KPU Tidak Loloskan 4 Bakal Pasangan Calon pada 4 Kabupaten di Jateng

Angling Adhitya Purbaya - detikNews
Selasa, 25 Agu 2015 08:05 WIB
KPU Tidak Loloskan 4 Bakal Pasangan Calon pada 4 Kabupaten di Jateng
Foto: Andhika Akbaransyah
Semarang - Penetapan pasangan calon pemimpin daerah di 21 Kabupaten/Kota di Jawa Tengah sudah diumumkan hari Senin (24/8). Dari 59 bakal pasangan calon di Jawa Tengah, ada empat pasangan yang dinyatakan tidak lolos.

Ketua KPU Jawa Tengah, Joko Purnomo mengatakan empat bakal pasangan calonΒ  yang tidak lolos tersebut berada di Kabupaten Boyolali, Kabupaten Klaten, Kabupaten Pemalang dan Kota Pekalongan.

"Empat bakal pasangan yang tidak lolos tahap penetapan itu karena tidak memenuhi berkas persyaratan," kata Joko, Selasa (25/8/2015).
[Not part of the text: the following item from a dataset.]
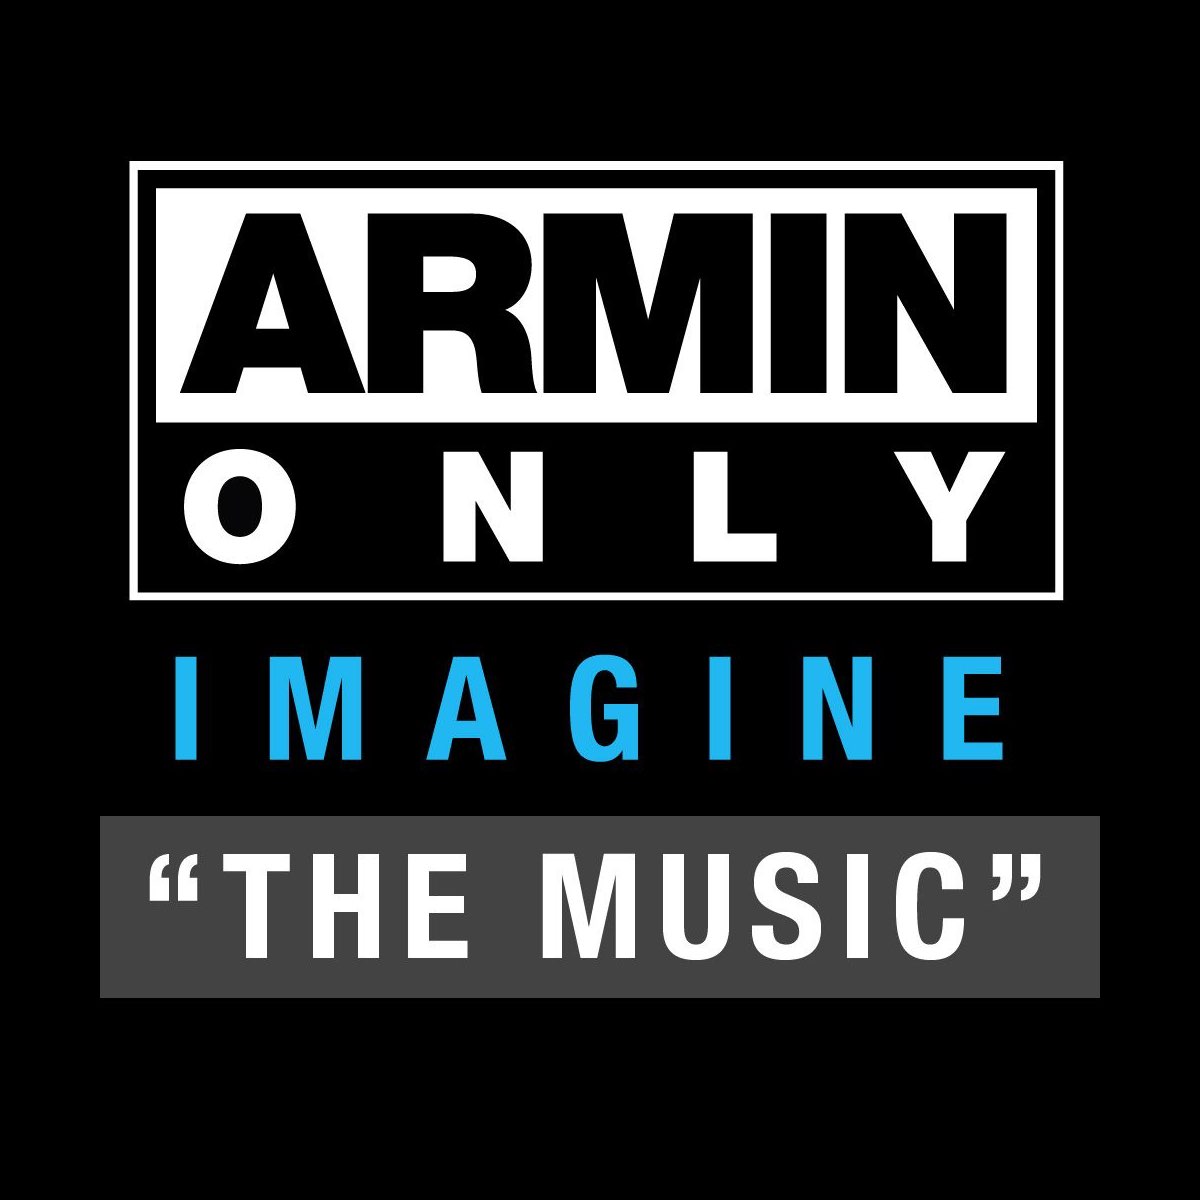 Armin Only – Imagine “The Music” by Armin van Buuren on Apple Music

SCROLL TO CONTINUE WITH CONTENT

Mereka yang tidak lolos yaitu bakal pasangn calon dari Klaten Suhardjanto-Sunardi yang diusung PKS, Gerindra, dan Hanura. Pasangan itu tidak lolos karena tidak melengkapi dokumen perbaikan.

Kemudian di Kabupaten Boyolali, yang tidak lolos adalah pasangan Cahyo Sumarso-M.Yani dari perseorangan. Mereka dinyatakan tidak lolos karena tidak mengembalikan dokumen perbaikan.
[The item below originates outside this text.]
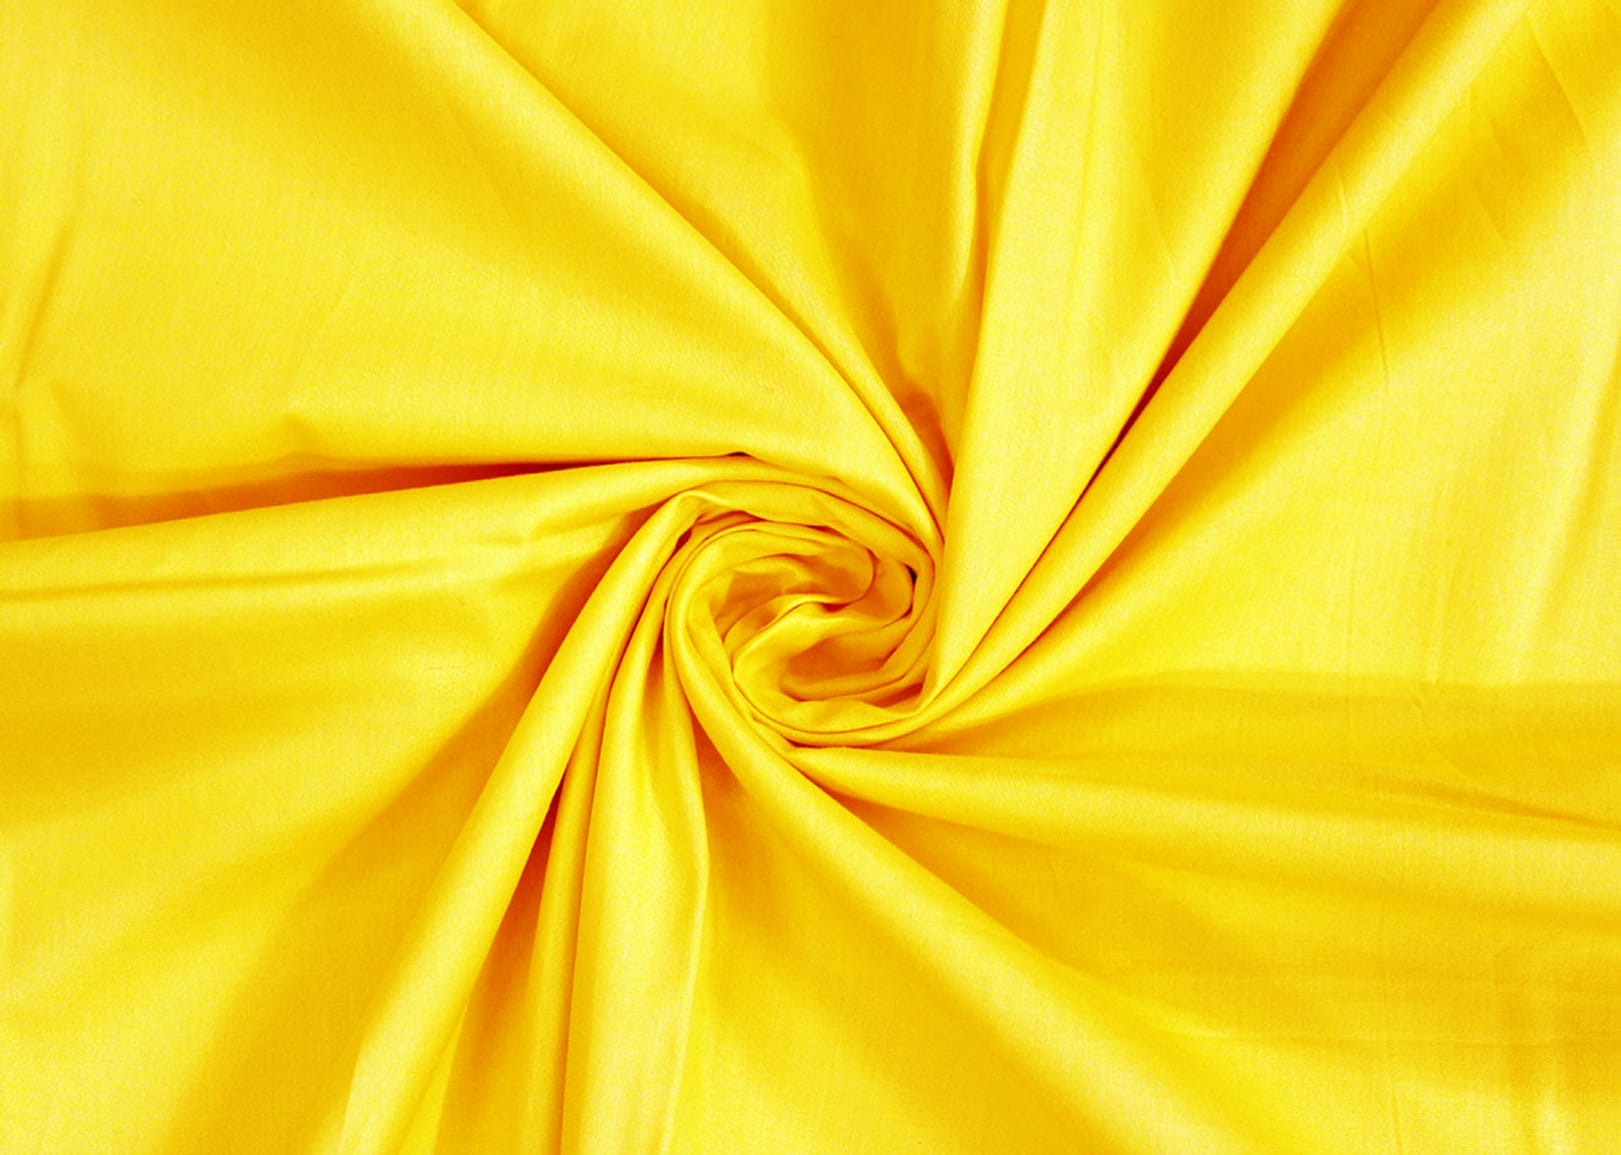 Plain Cotton 210 TC Designer Bedsheet - Yellow At Best Prices

Hal yang sama menyebabkan pasangan di Kota Pekalongan gugur, yaitu Sudjaka Martana-Fauzi Umar Lahji dari perseorangan.

Sementara itu pasangan Mukti Agung Wibowo-Afifudin juga dinyatakan tidak lolos di Kabupaten Pekalongan. Pasangan yang diusung PKS,PAN, dan Hanura itu gugur karena tidak lengkap mengembalikan dokumen perbaikan.

Dengan gugurnya empat bakal pasangan calon tersebut, maka ada 55 pasangan yang menjadi peserta Pilkada serentak tahun 2015 yang akan digelar bulan Desember mendatang.

Tidak ada Kabupaten/Kota yang waktu pelaksanaan Pilkadanya diundur meski ada yang tidak lolos karena masih memenuhi syarat yaitu pasangan calon lebih dari satu.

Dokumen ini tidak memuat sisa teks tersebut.